EXCERPTED DATA
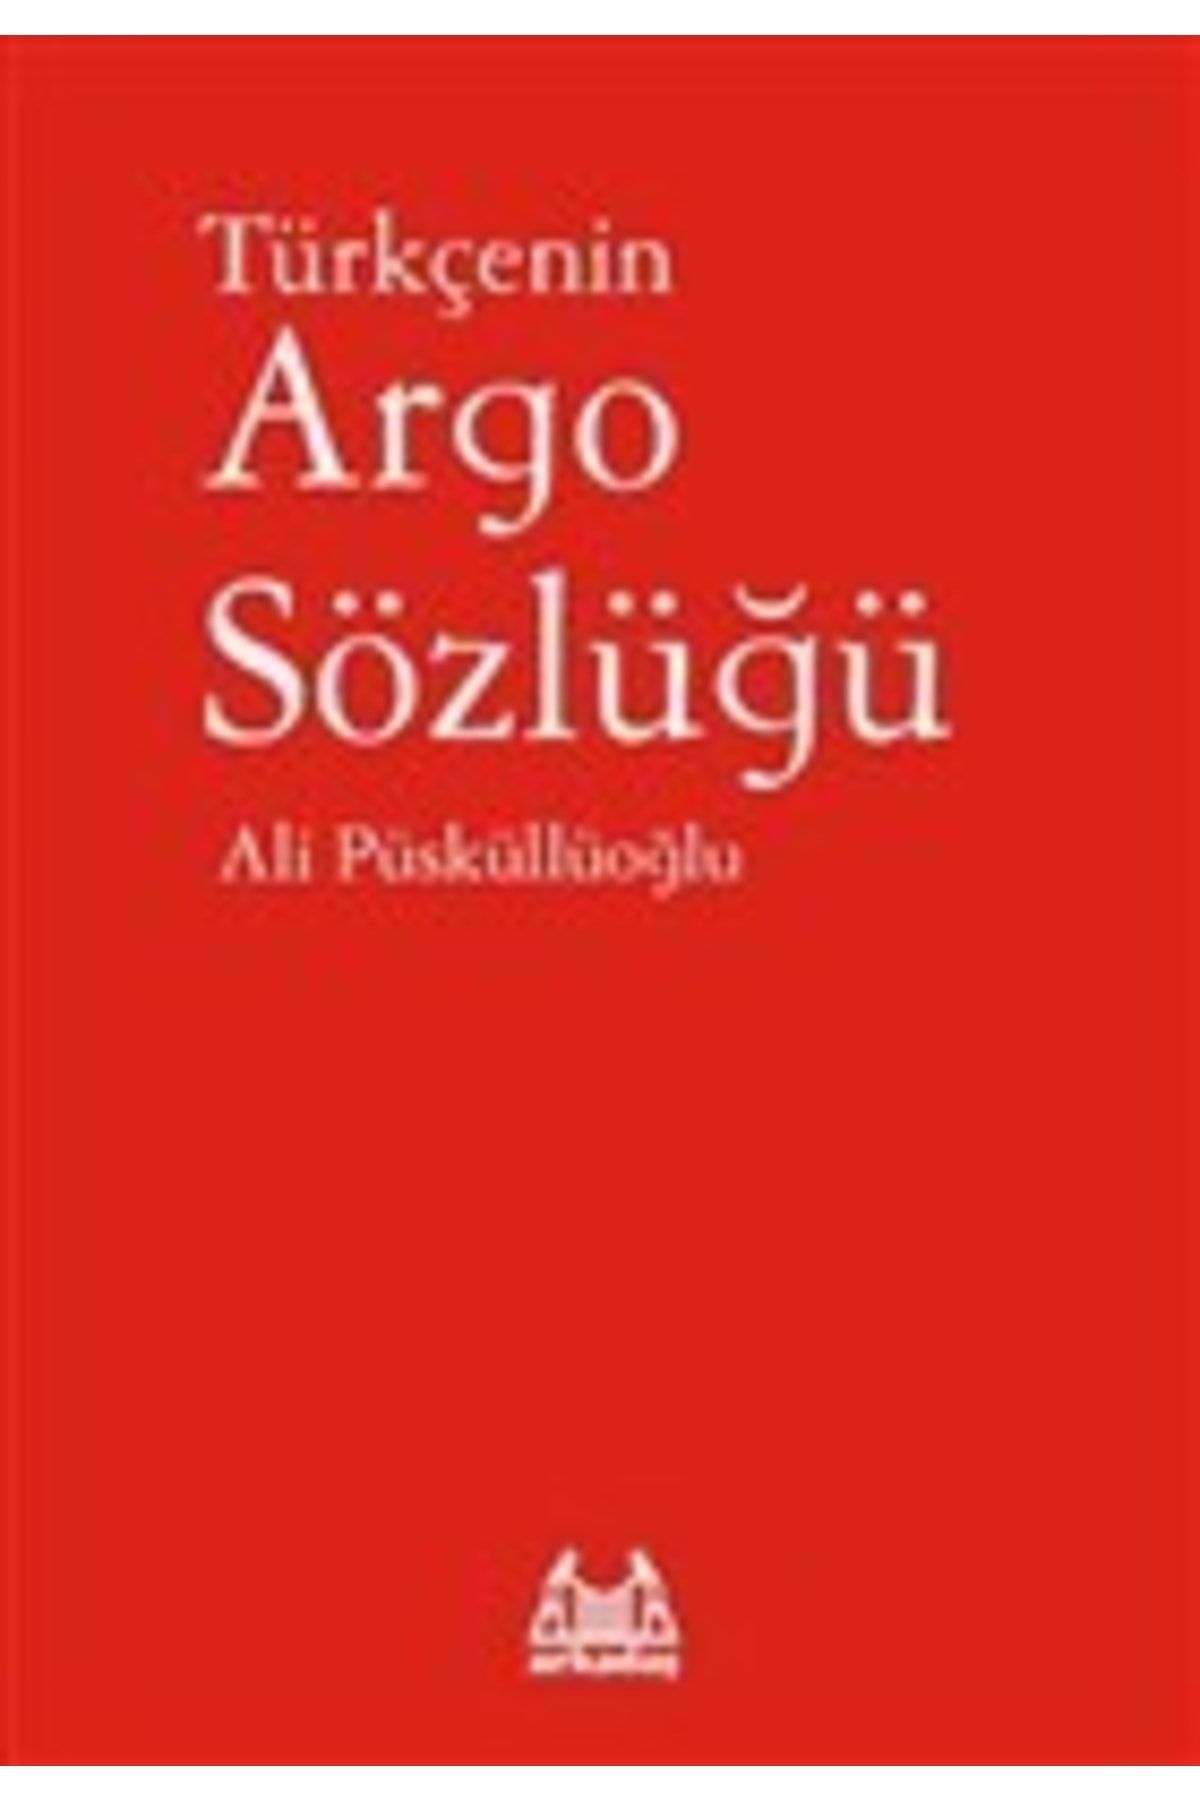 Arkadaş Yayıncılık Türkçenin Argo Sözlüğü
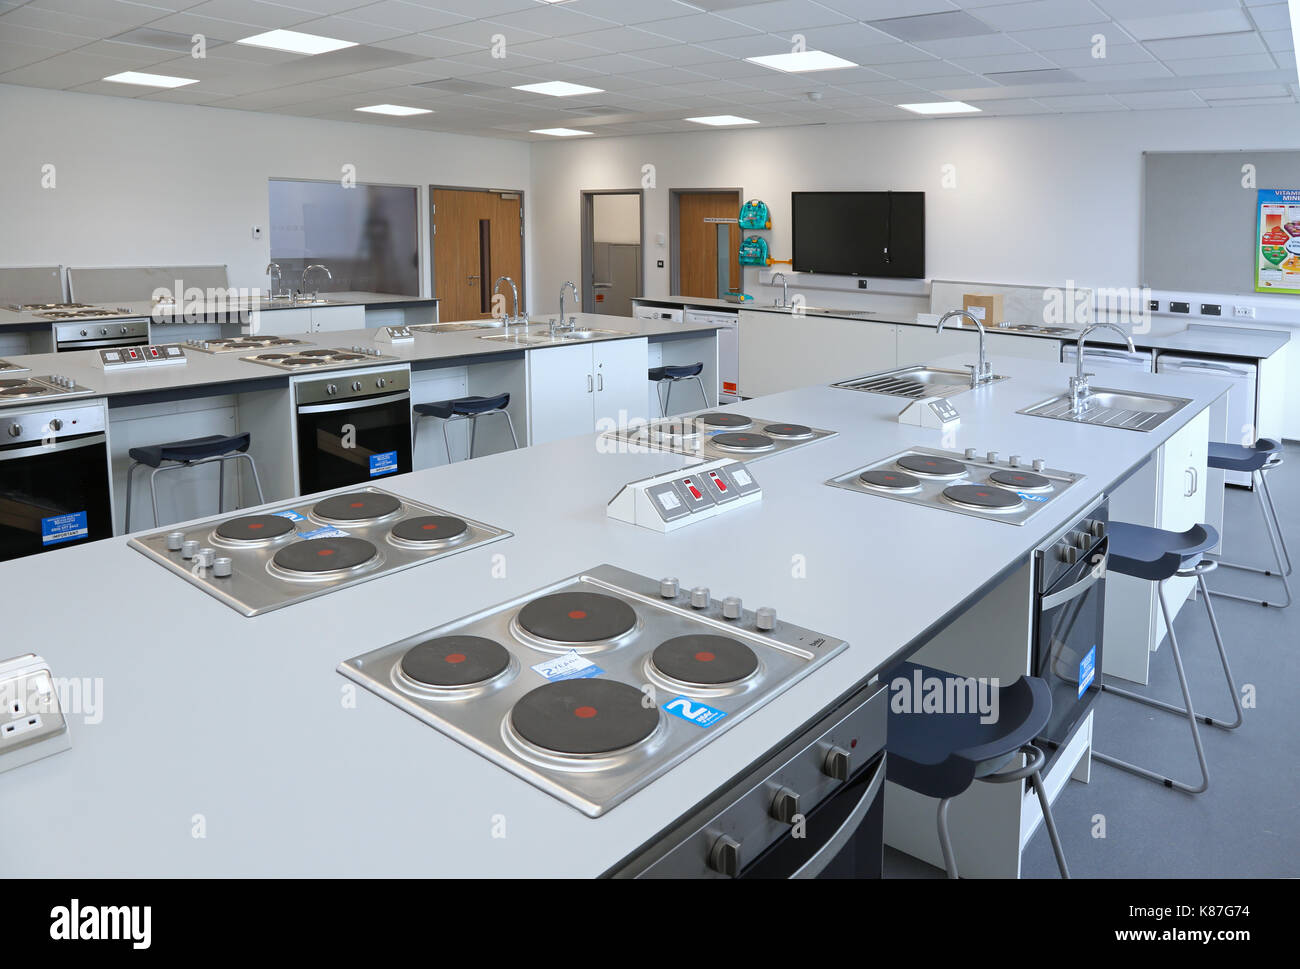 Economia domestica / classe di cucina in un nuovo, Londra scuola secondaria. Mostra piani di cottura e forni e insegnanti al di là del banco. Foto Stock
...
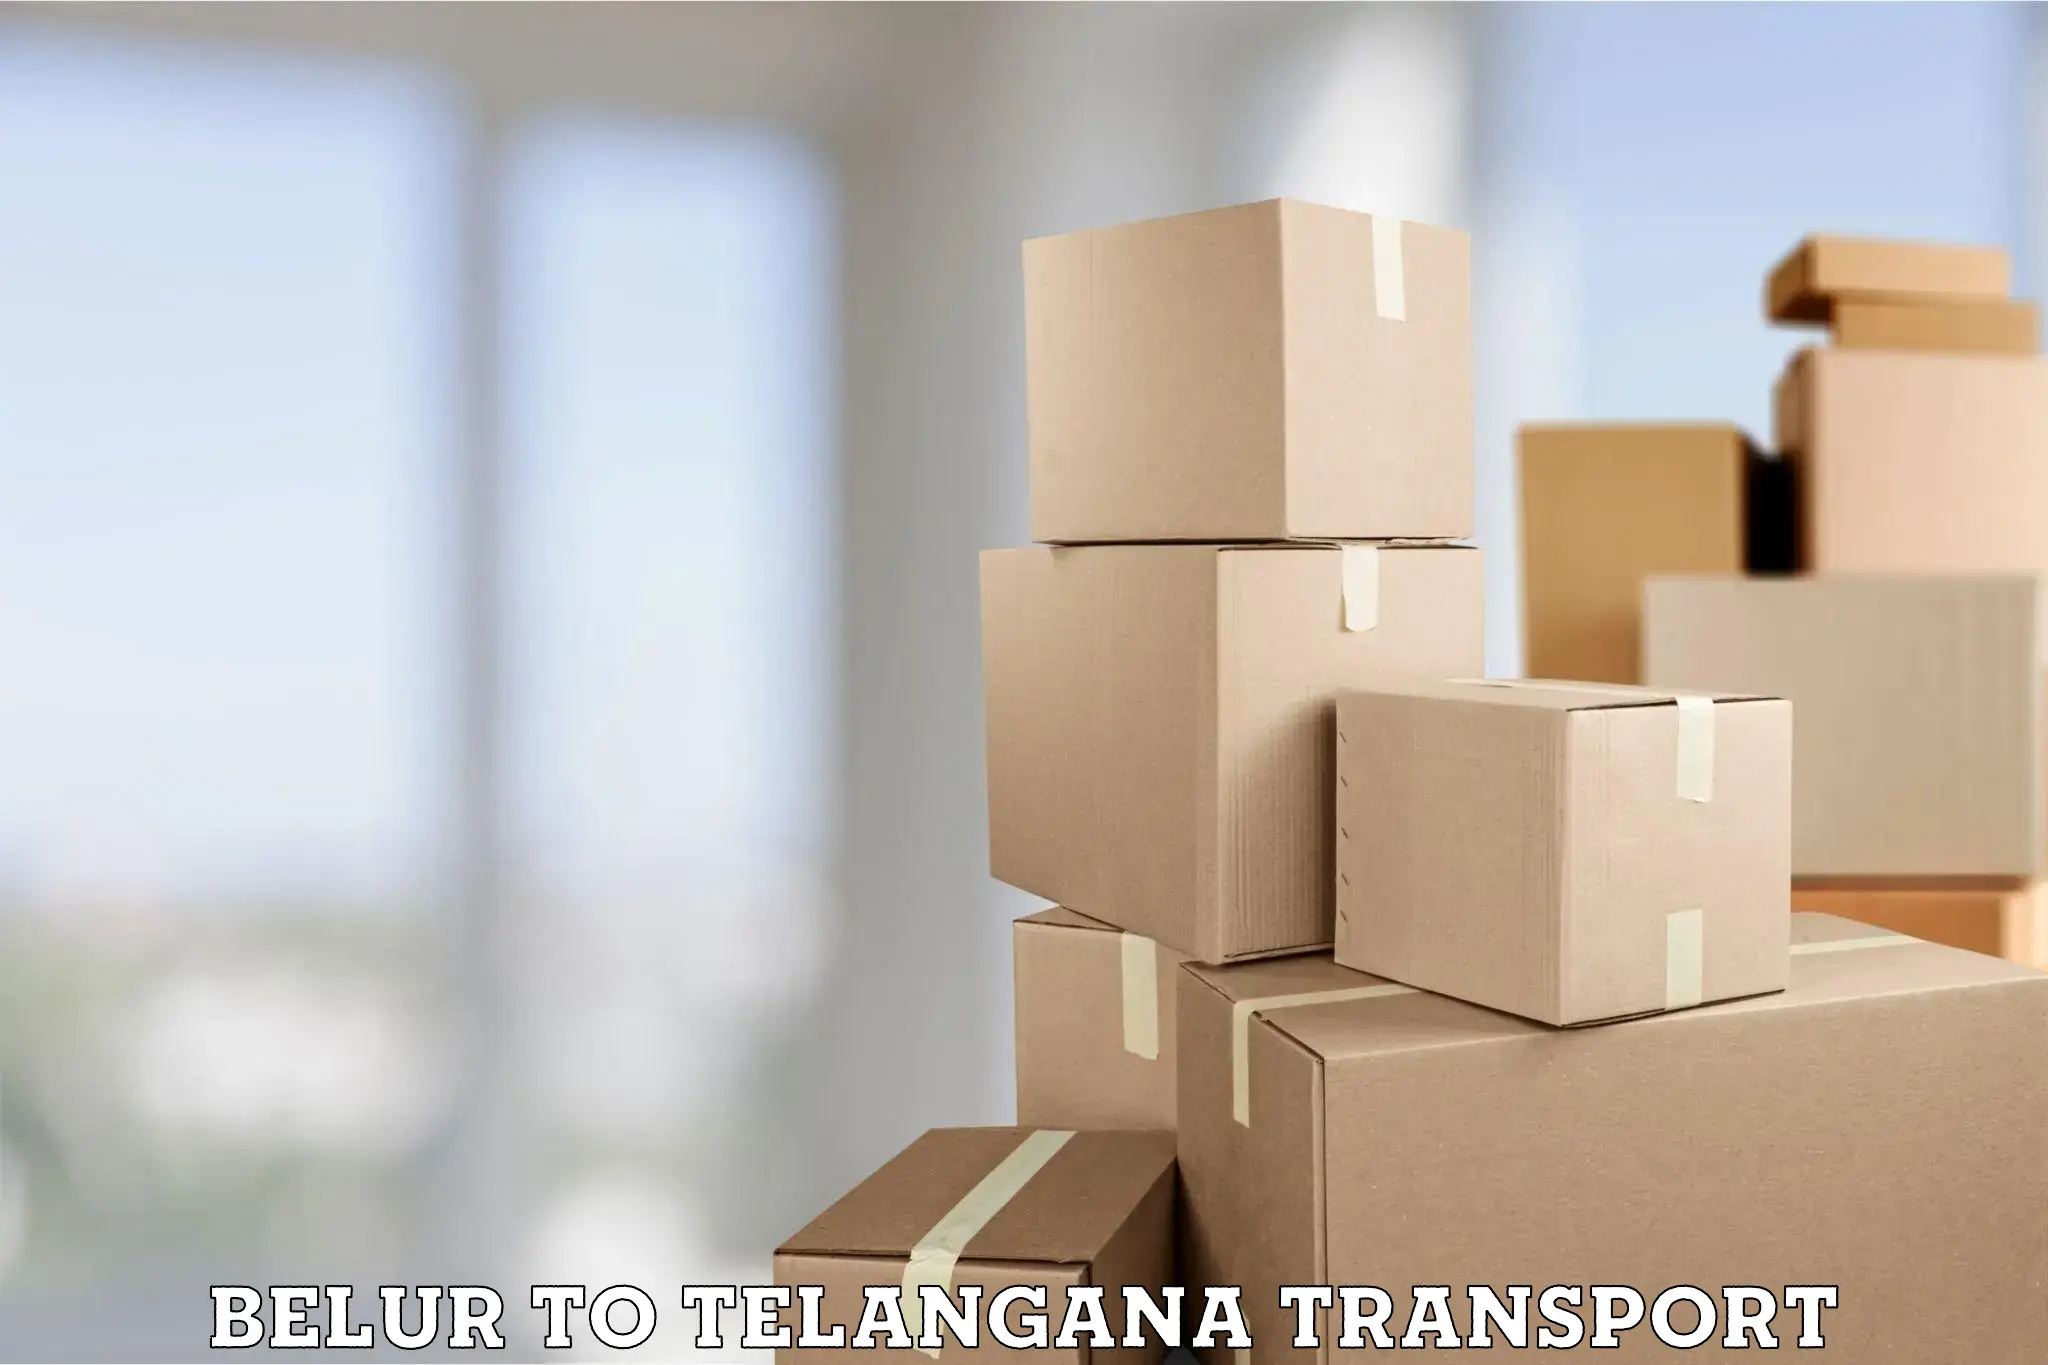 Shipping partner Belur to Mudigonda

TASK DIRECTIONS
Would you copy, word for word, only the lines above from the one containing "Arkadaş Yayıncılık Türkçenin Argo Sözlüğü" through the one containing "Economia domestica /", both included, and please leave out the pictures?

SOLUTION TO THIS EXERCISE
 Arkadaş Yayıncılık Türkçenin Argo Sözlüğü
 Economia domestica / classe di cucina in un nuovo, Londra scuola secondaria. Mostra piani di cottura e forni e insegnanti al di là del banco. Foto Stock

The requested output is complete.